Saturday, 13 December 2008

True Blue Aussie Country


At 9.30 last night, P got a phone call to tell him there was a fire at the back of our property. That extra-bright, extra-big full moon must have inspired someone to extra-lunatic behaviour and they’d put a match to the dry grass on both sides of the road. So it was burning into our wheat stubble and into a pasture paddock on the other side, dangerously near to a neighbour’s house. Fortunately there wasn’t a breath of wind last night and the humid day had left a lot of moisture on the ground. Those who turned up to fight it were able to get it under control before too much harm was done.

It has always fascinated me that when something like this happens out here in the country, the whole neighbourhood turns up to help. These days the local volunteer fire-fighters are issued with protective clothing, but they’ve always done it, regardless of the danger. Some farmers have lost their lives fighting fires on others’ properties, but it deters no one.

When Eldest was little, a spark from a power line set fire to the paddock just across the creek from our house. That day the wind was raging and the fire shot down the hill into the nearly dry creek and the trees along the banks. Within minutes, about thirty farmers had turned up with their water tanks on the back of their utes. Again, they managed to get it out before it did too much damage.

It’s not just fire fighting that rallies them either. A couple of years ago, P’s dad, well into his seventies, fell from the back of the header whilst trying to tighten a belt. He broke some ribs and was quite ill for a long time afterwards. P was suffering at that stage from untreated anxiety attacks and depression and seeing his father age ten years like that nearly sent him over the edge. He found it really difficult to get back to the task of harvesting on his own. Then in rolled a neighbour with his big green header, twice the size of the one we had. He took off the rest of the crop in a third of the time it would have taken P, while P took on the less stressful role of driving the truck to the bins. We payed him, of course, but the fact remains that he had finished his own harvest and faced the prospect of a couple of week’s relative relaxation before Christmas, but he gave it up to help a neighbour out. True country spirit.

P finished harvest for this year last Tuesday. Last night one of the neighbours fighting the fire told him that his header had broken down and didn’t look likely to be fixed for quite a while. He faced the prospect of not finishing his harvest until the new year. Today P is back on his header, going around that neighbour’s paddocks, taking off his crop for him. It’s what you do. True Blue.

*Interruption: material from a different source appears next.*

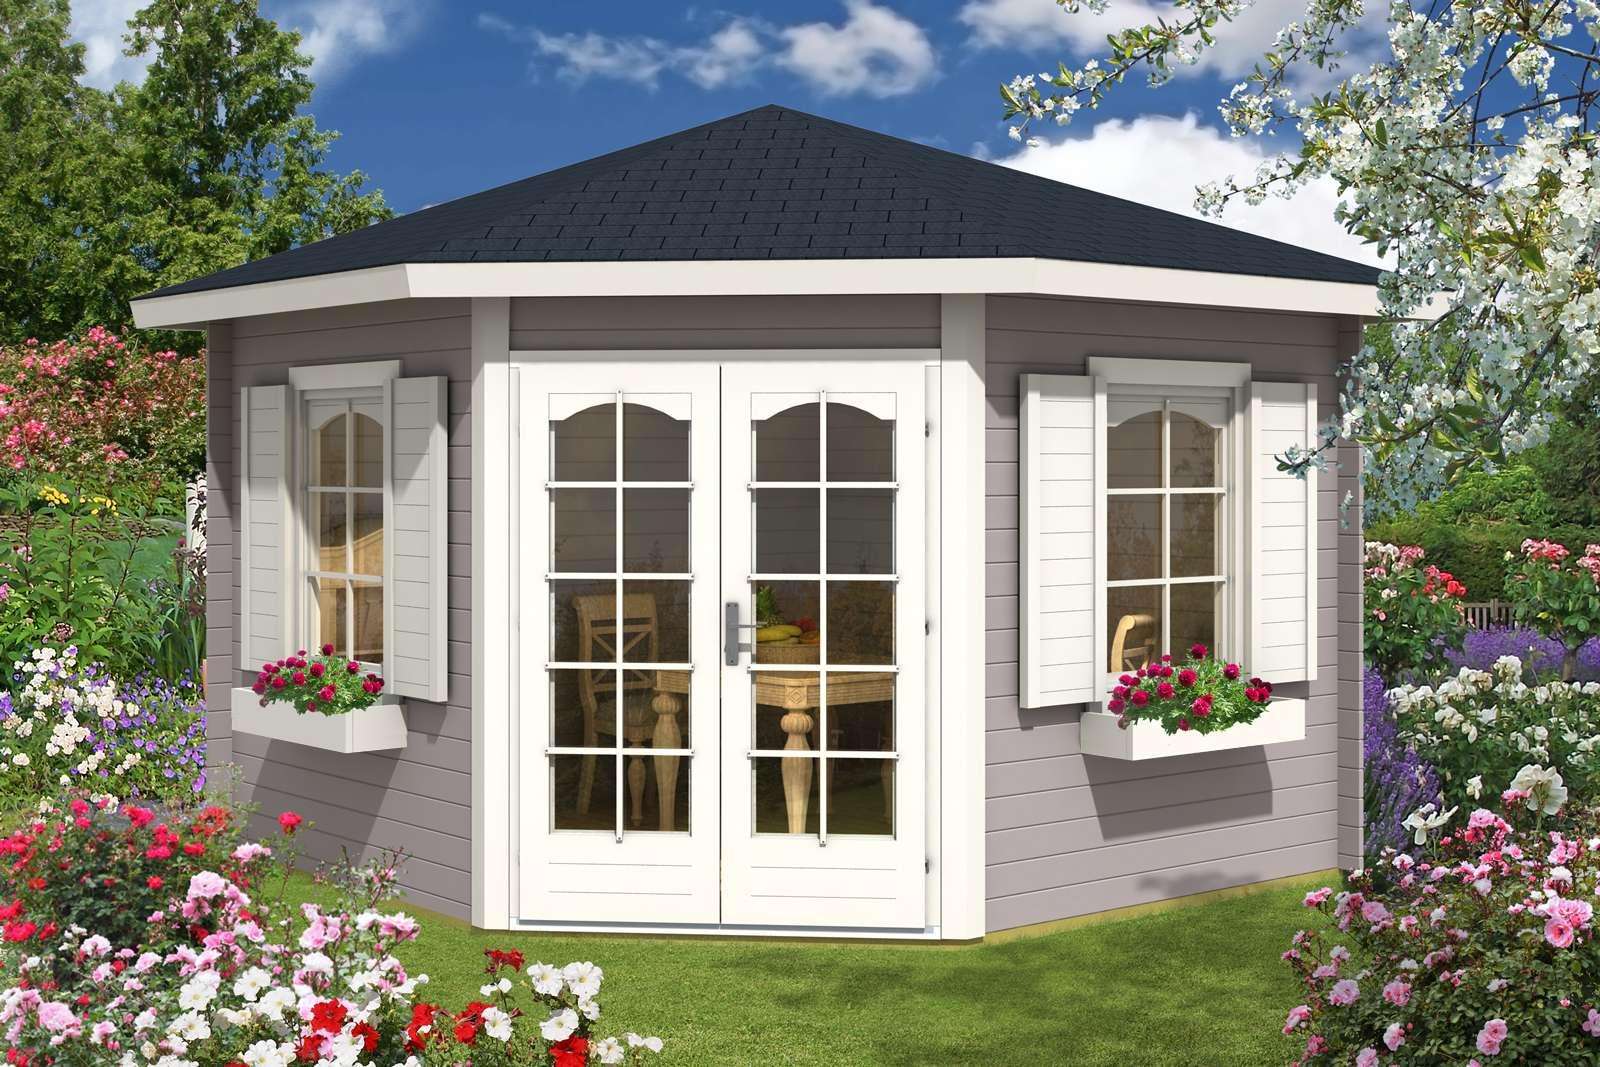 5-Eck Gartenhaus Modell Alina-28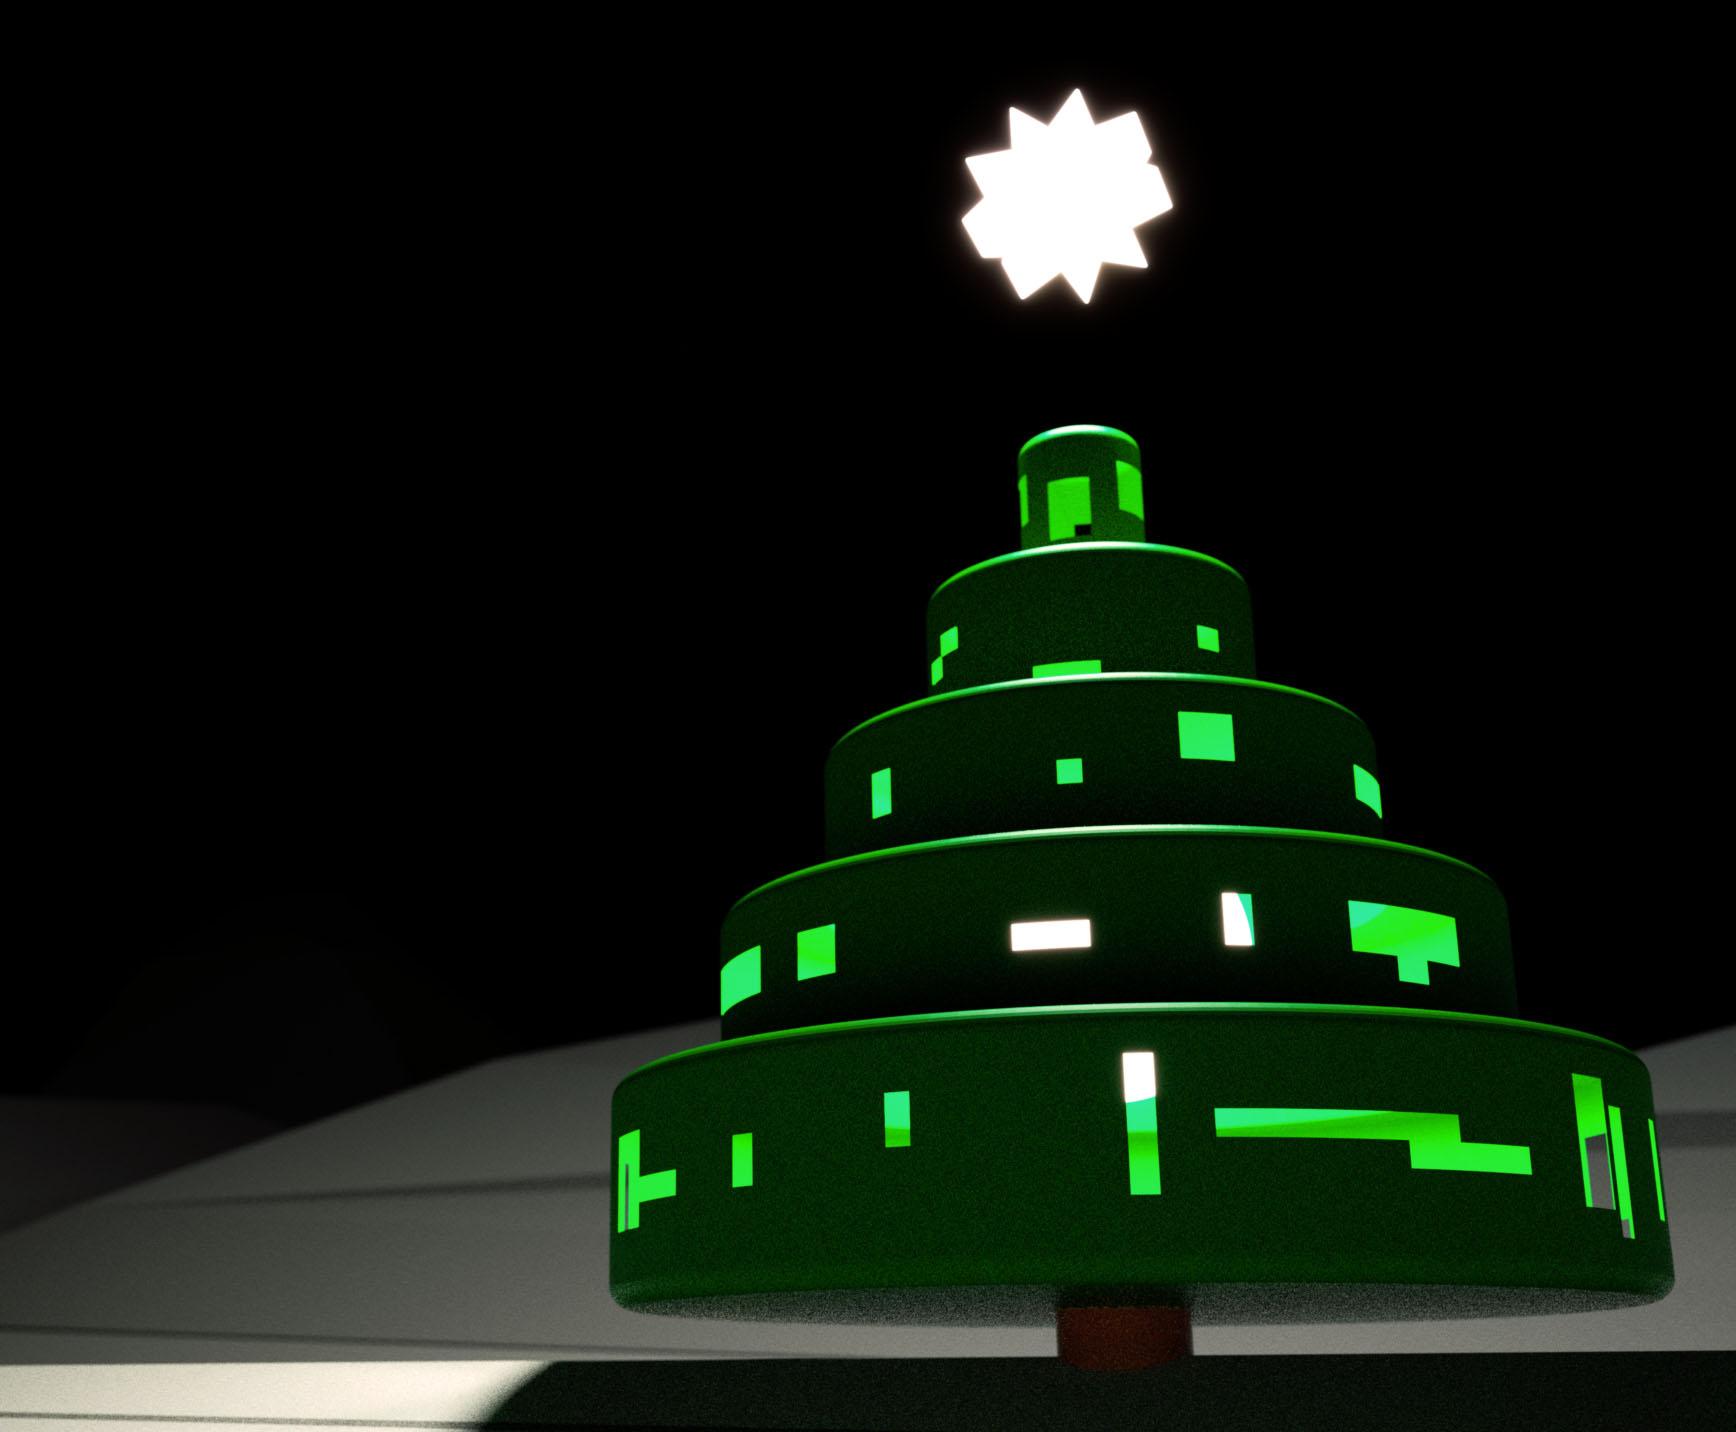 Glædelig Jul | Merry Christmas

Now here's a little more True Blue Aussie Country -

6 comments:

Rena said...

Glad to hear it got put out, especially this time of year. Did you take that picture? It reminds me of Montana. I've heard Aussies say Montana reminds them of Oz too. I live in a valley surrounded by mountain ranges, but as soon as you start driving away, it looks a lot like your picture, especially with the wheat fields and rolling open lands. I'm surrounded by pine trees and mountains, so sometimes I forget how much of Montana is prairie land.

Luc2 said...

It's really that sense of community that is mostly lacking in modern-day society. Today's society is influenced by the principles of the French Revolution (Liberté, égalité, fraternité), but people seem to be focused on their own equal opportunities, at the cost of a sense of brotherhood.
My father was raised in a kibbutz in Israel, where the socialist system curbed many freedoms, but did have a strong sense of community. Today, the kbbutz is liberalized, and the sense of brotherhood has decreased rapidly.
Nice story, Kate.

Kate said...

Rena, P took the photo and yes it is taken on our farm. In winter, when it's lush green, I'm told it looks just like the south of England!

I agree entirely Luc, which is why I wouldn't live in the city for all the money in the world. The 'Me' society is why the financial world is in the state it's in at the moment.

C.R. Evers said...

Wow! HOw scary. So glad you are ok!

Brenda said...

Farmers from all over the world must be just like this...When the barn burned down on Hub's family farm, other farmers came from all over the county to make sure they had enough feed for the cows and to lend a hand any way they could...

It was an amazing thing to see...

I'm glad you guys were able to get things under control before too much damage could be done...Hugs...

Jane Smith said...

SO glad you got the fire under control: it's a scary thing. And your photo of your farm is gorgeous: I can see how it might look like southern England when it's green.